In determining an appropriate measure of discipline to impose, we have considered the respondent's prior disciplinary history, the circumstances of the respondent's arrest, and his conviction by a jury of improper exhibition of a dangerous weapon.
Under the totality of the circumstances, we find that the respondent's conduct warrants a suspension from the practice of law for a period of six months (see Matter of Batsiyan, 199 AD3d 80).
LASALLE, P.J., DILLON, DUFFY, BARROS and TAYLOR, JJ., concur.

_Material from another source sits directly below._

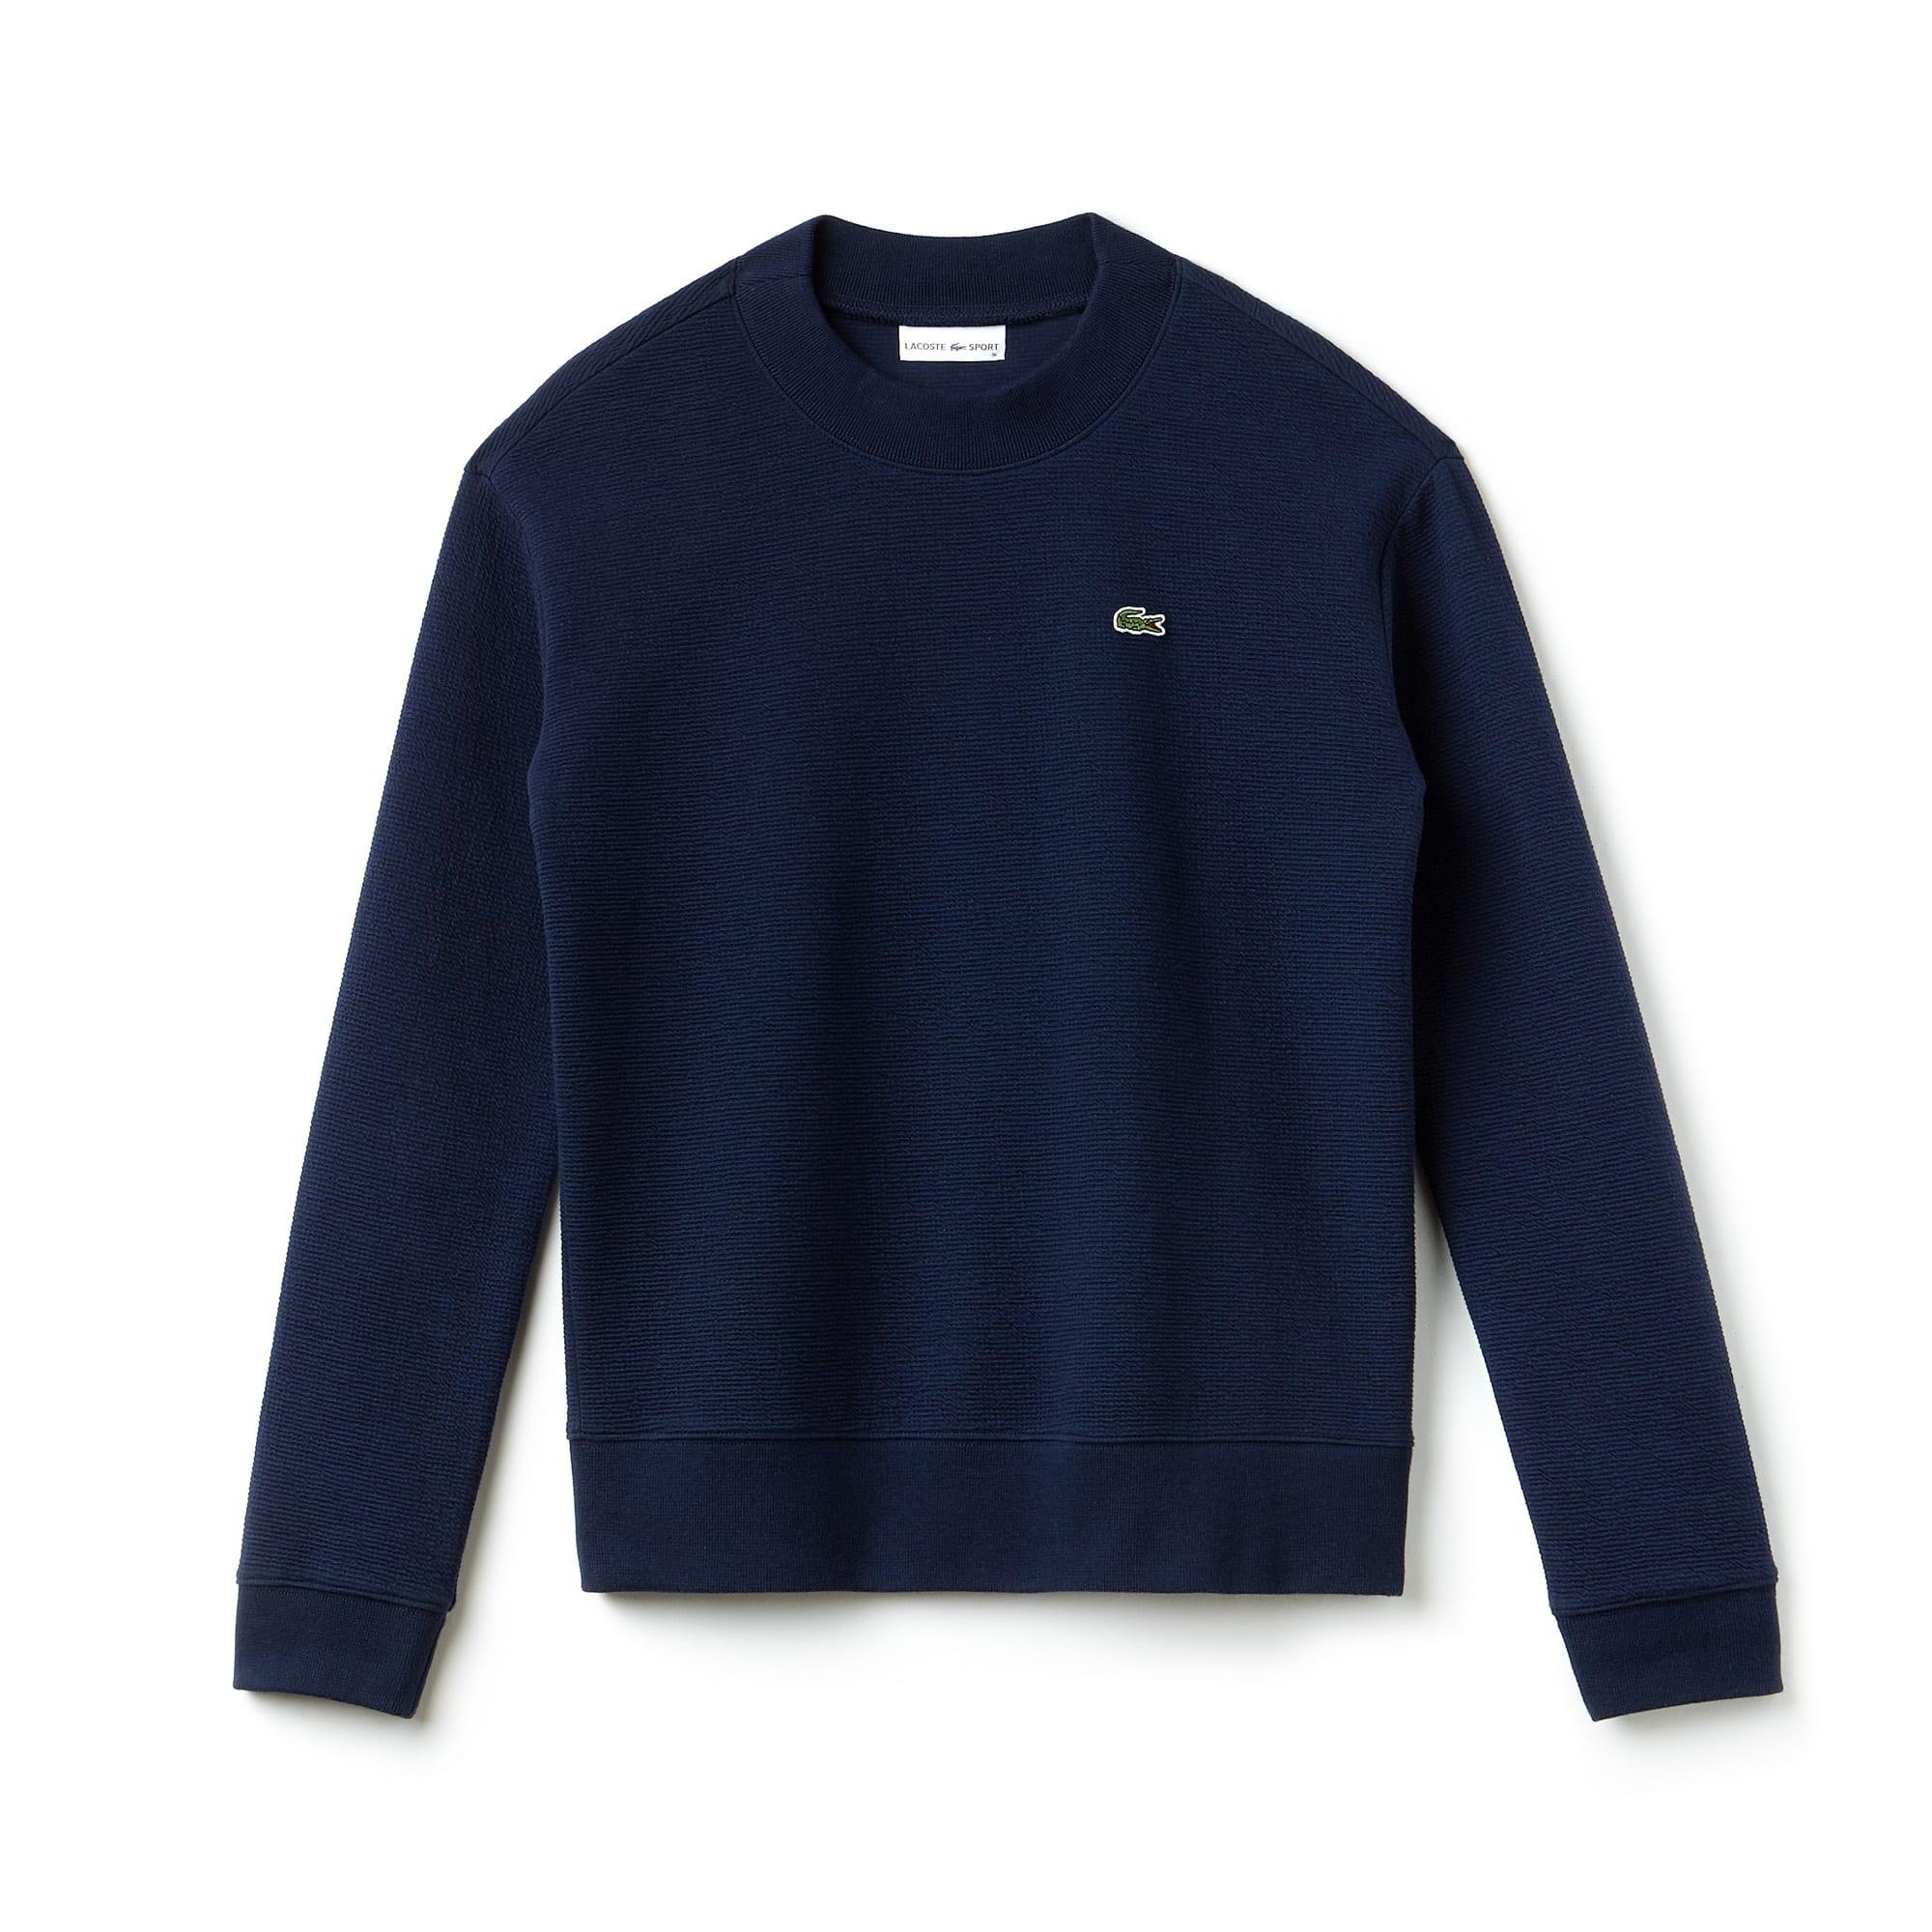 Sweatshirt Tennis Lacoste SPORT en molleton gaufré uni

ORDERED that the respondent's motion to confirm so much of the Special Referee's report as found that the respondent's conduct did not constitute a New York crime and to disaffirm so much of the report as, inter alia, found that the respondent did not demonstrate why a final order of public discipline should not be made is denied; and it is further,
ORDERED that the Grievance Committee's cross-motion to confirm so much of the Special Referee's report as found that the respondent did not demonstrate why a final order of public discipline should not be made and to disaffirm so much of the report as found that the respondent's conduct did not constitute a New York crime is granted; and it is further,
ORDERED that the respondent, Barry Robert Gainsburg, is suspended from the practice of law for a period of six months, effective immediately, and continuing until further order [*3]of this Court. The respondent shall not apply for reinstatement earlier than October 7, 2026. In such application (see 22 NYCRR 1240.16), the respondent shall furnish satisfactory proof that during the period of suspension, he (1) refrained from practicing or attempting to practice law, (2) fully complied with this opinion and order and with the terms and provisions of the rules governing the conduct of disbarred or suspended attorneys (see id. § 1240.15), and (3) otherwise properly conducted himself; and it is further,
ORDERED that the respondent, Barry Robert Gainsburg, shall continue to comply with the rules governing the conduct of disbarred or suspended attorneys (see id.); and it is further,
ORDERED that pursuant to Judiciary Law § 90, the respondent, Barry Robert Gainsburg, shall continue to desist and refrain from (1) practicing law in any form, either as principal or as agent, clerk, or employee of another, (2) appearing as an attorney or counselor-at-law before any court, Judge, Justice, board, commission, or other public authority, (3) giving to another an opinion as to the law or its application or any advice in relation thereto, and (4) holding himself out in any way as an attorney and counselor-at-law; and it is further,
ORDERED that if the respondent, Barry Robert Gainsburg, has been issued a secure pass by the Office of Court Administration, it shall be returned forthwith to the issuing agency, and the respondent shall certify to the same in his affidavit of compliance pursuant to 22 NYCRR 1240.15(f).
LASALLE, P.J., DILLON, DUFFY, BARROS and TAYLOR, JJ., concur.